Let's start by getting the Python side ready. It won't run until we implement the Rust side too, but it's a necessary step. Start by adding the following to minimal_plugin/__init__.py:

def noop(expr: IntoExpr) -> pl.Expr:
    expr = parse_into_expr(expr)
    return expr.register_plugin(
        lib=lib,
        symbol="noop",
        is_elementwise=True,
    )
Let's go through this line-by-line:

  • when we compile Rust, it generates a Shared Object file. The lib variable holds its filepath;
  • We'll cover is_elementwise in Yes we SCAN, for now don't pay attention to it;
  • We use the utility function parse_into_expr to make sure that literals will be parsed as column names - this will ensure we'll be able to call either noop('a') or noop(pl.col('a')).

Let's get Rusty

Let's leave src/lib.rs as it is, and add the following to src/expressions.rs:

fn same_output_type(input_fields: &[Field]) -> PolarsResult<Field> {
    let field = &input_fields[0];
    Ok(field.clone())
}

#[polars_expr(output_type_func=same_output_type)]
fn noop(inputs: &[Series]) -> PolarsResult<Series> {
    let s = &inputs[0];
    Ok(s.clone())
} 

There's a lot to cover here so we'll break it down below.

Defining noop's schema

Polars needs to know the schema/dtypes resulting from operations to make good optimization decisions. The way we tell Polars what to expect from our custom function is with the polars_expr attribute.
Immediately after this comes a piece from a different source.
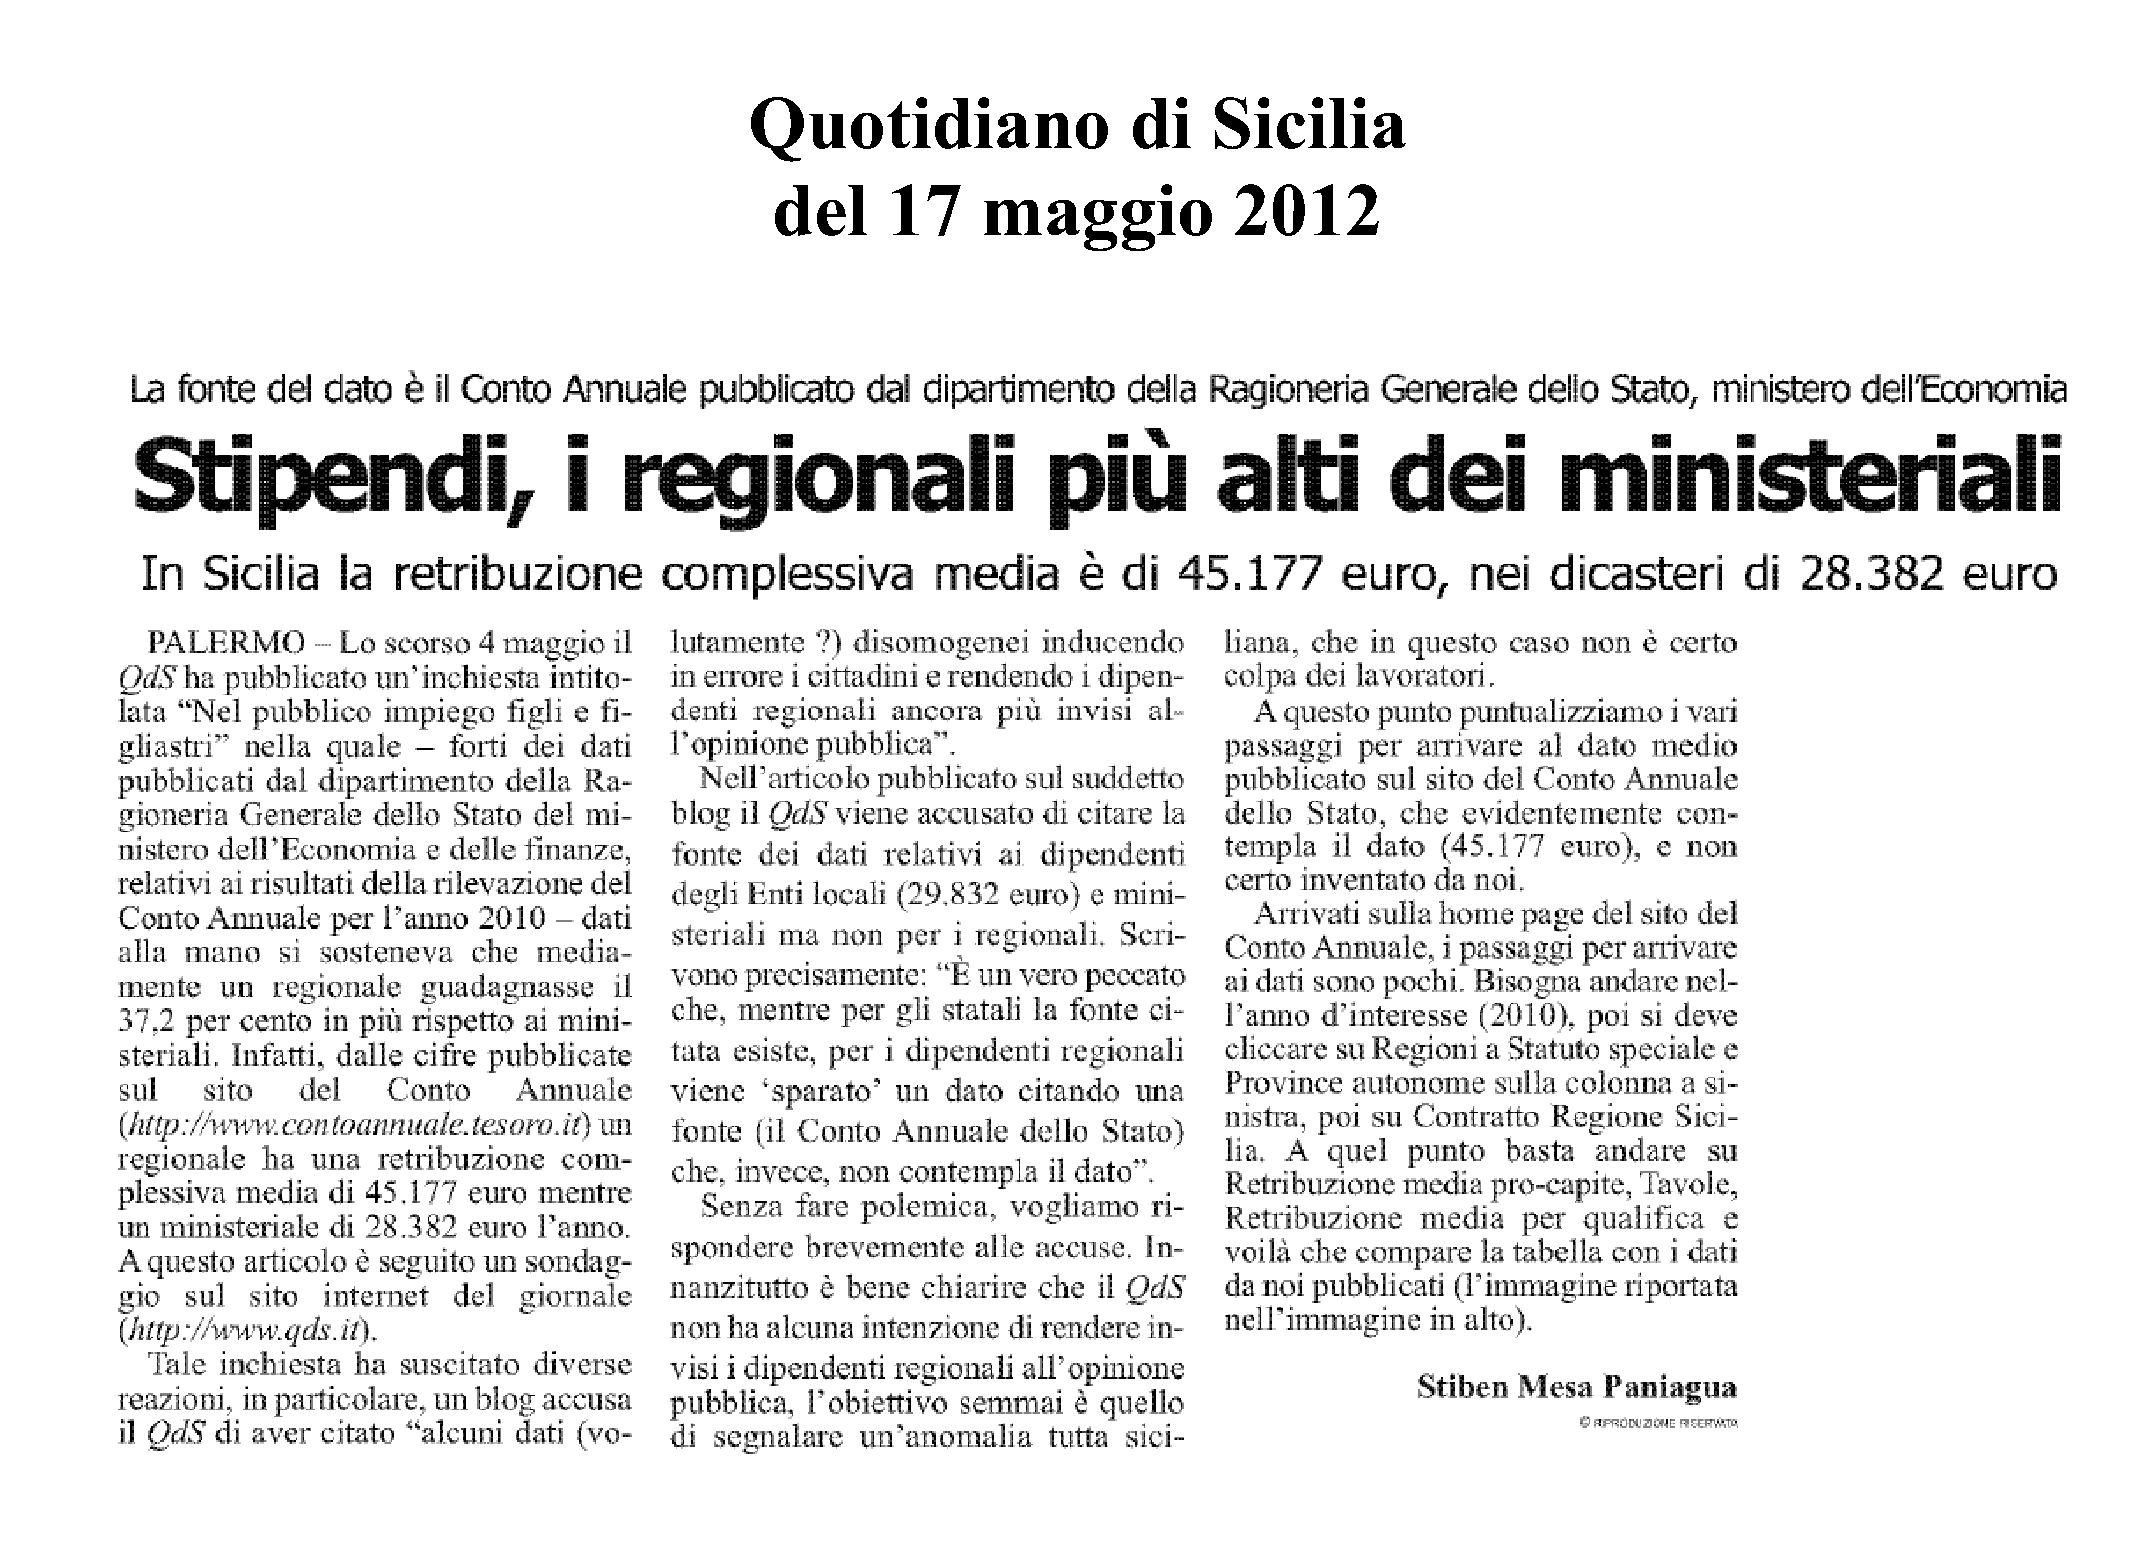 cud regione sicilia

Our beautiful noop doesn't change the data type (in fact, it doesn't change anything...) so we'll just write a function which returns the same input type:

fn same_output_type(input_fields: &[Field]) -> PolarsResult<Field> {
    let field = &input_fields[0];
    Ok(field.clone())
}
and use that to define the function output's schema. Just like noop, this function takes a reference to its only input and clones it.

Defining noop's body

The input is an iterable of Series. In our case, noop just receives a single Series as input, but as we'll see in later sections, it's possible to pass multiple Series.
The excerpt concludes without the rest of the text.